The new note bears a maturity date of November 1, 2014 and the annual interest rate is 9%, payable as follows: (i) interest at the annual rate of 6% will be payable in cash, and (ii) the remaining interest at the annual rate of 3% payable at the option of the Company in cash or "paid in kind" and added to the principal of the note. Interest payments will be made annually at October 31 of each year.
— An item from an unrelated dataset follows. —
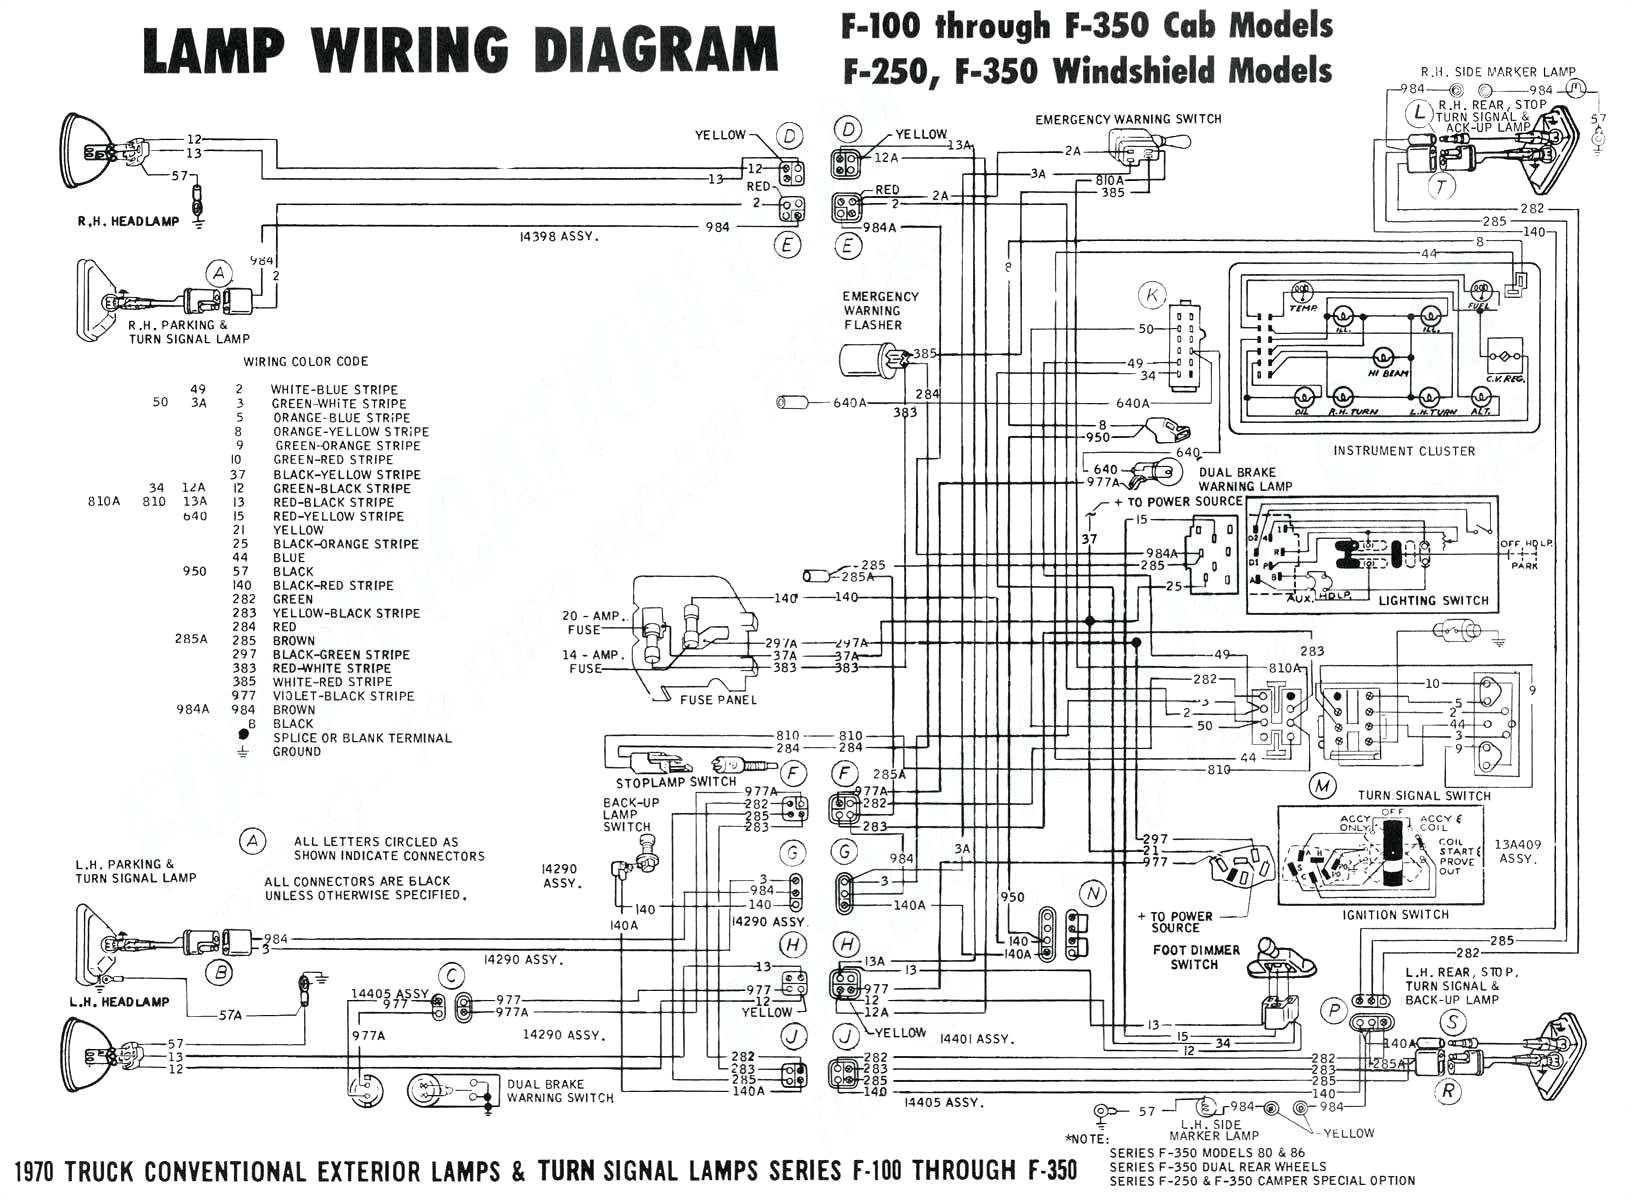 Ford Ranger Wire Diagram ford Ranger Light Wiring Diagram Wiring Diagram Database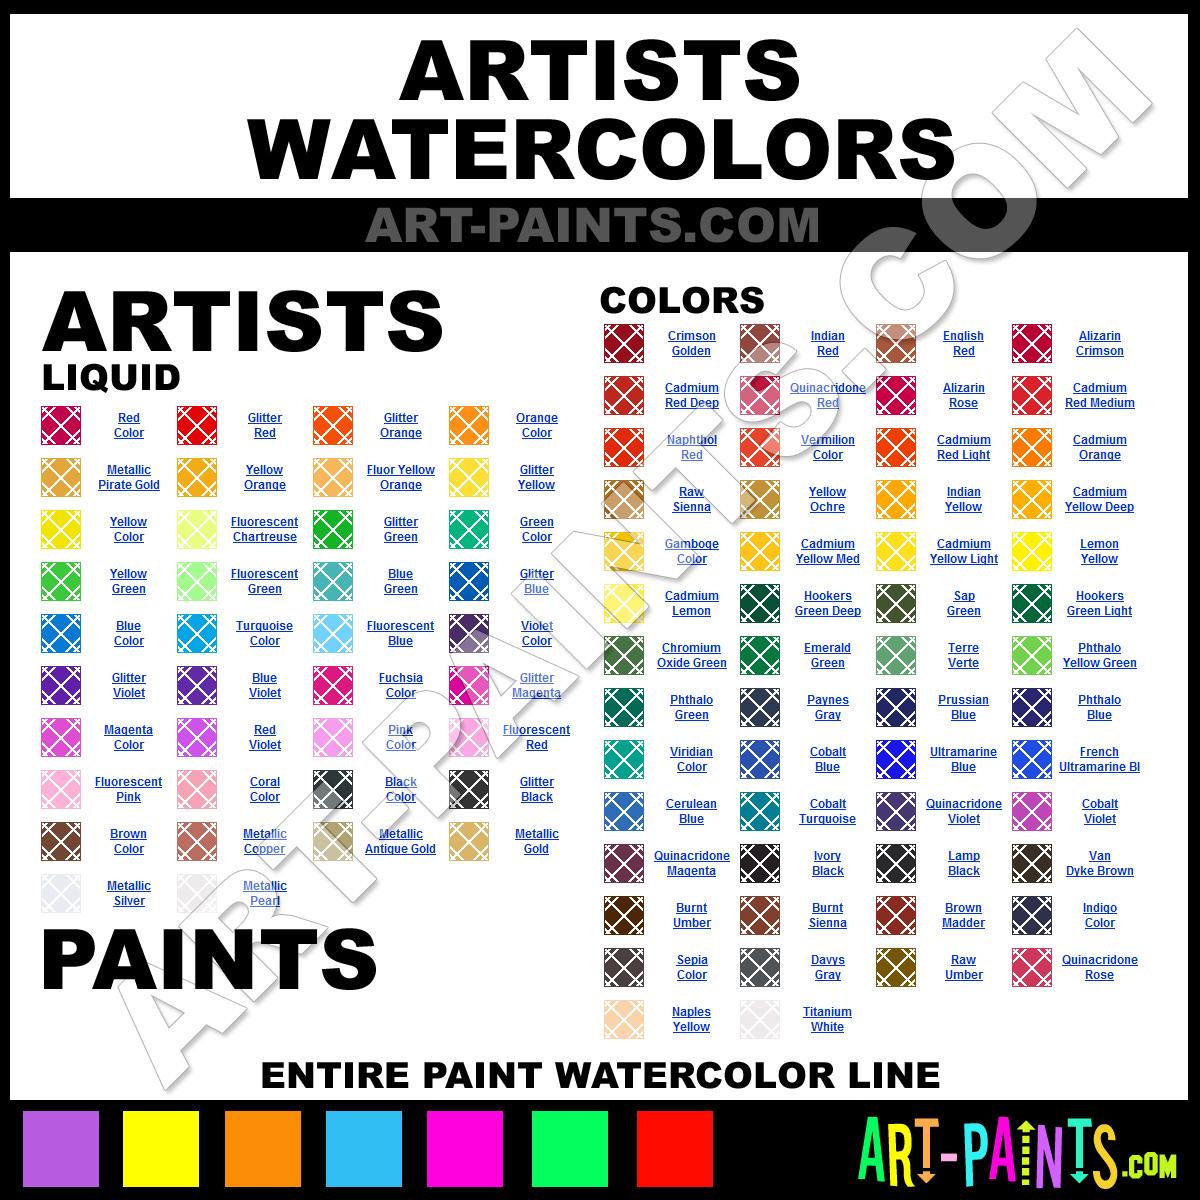 Paint Colors And Brands: Artists Watercolor Paint Brands

OFF-BALANCE SHEET ARRANGEMENTS None.

CRITICAL ACCOUNTING POLICIES AND ESTIMATES GENERAL The Company's discussion and analysis of its financial condition and results of operations are based upon its consolidated financial statements, which have been prepared in accordance with accounting principles generally accepted in the United States. The preparation of these financial statements requires the Company to make estimates and judgments that affect the reported amounts of assets, liabilities, revenues and expenses, and related disclosures of contingent assets and liabilities based upon accounting policies management has implemented. These significant accounting policies are disclosed in Note 1 to the Company's Annual Report on Form 10-K for the fiscal year ended October 31, 2010 and there have been no material changes to such policies since the filing of such Annual Report. These policies and estimates are critical to the Company's business operations and the understanding of its results of operations. The impact and any associated risks related to these policies on the Company's business operations are discussed throughout Management's Discussion and Analysis of Financial Condition and Results of Operations, included in our Annual Report on Form 10-K for the fiscal year ended October 31, 2010, where such policies affect its reported financial results. The actual impact of these factors may differ under different assumptions or conditions.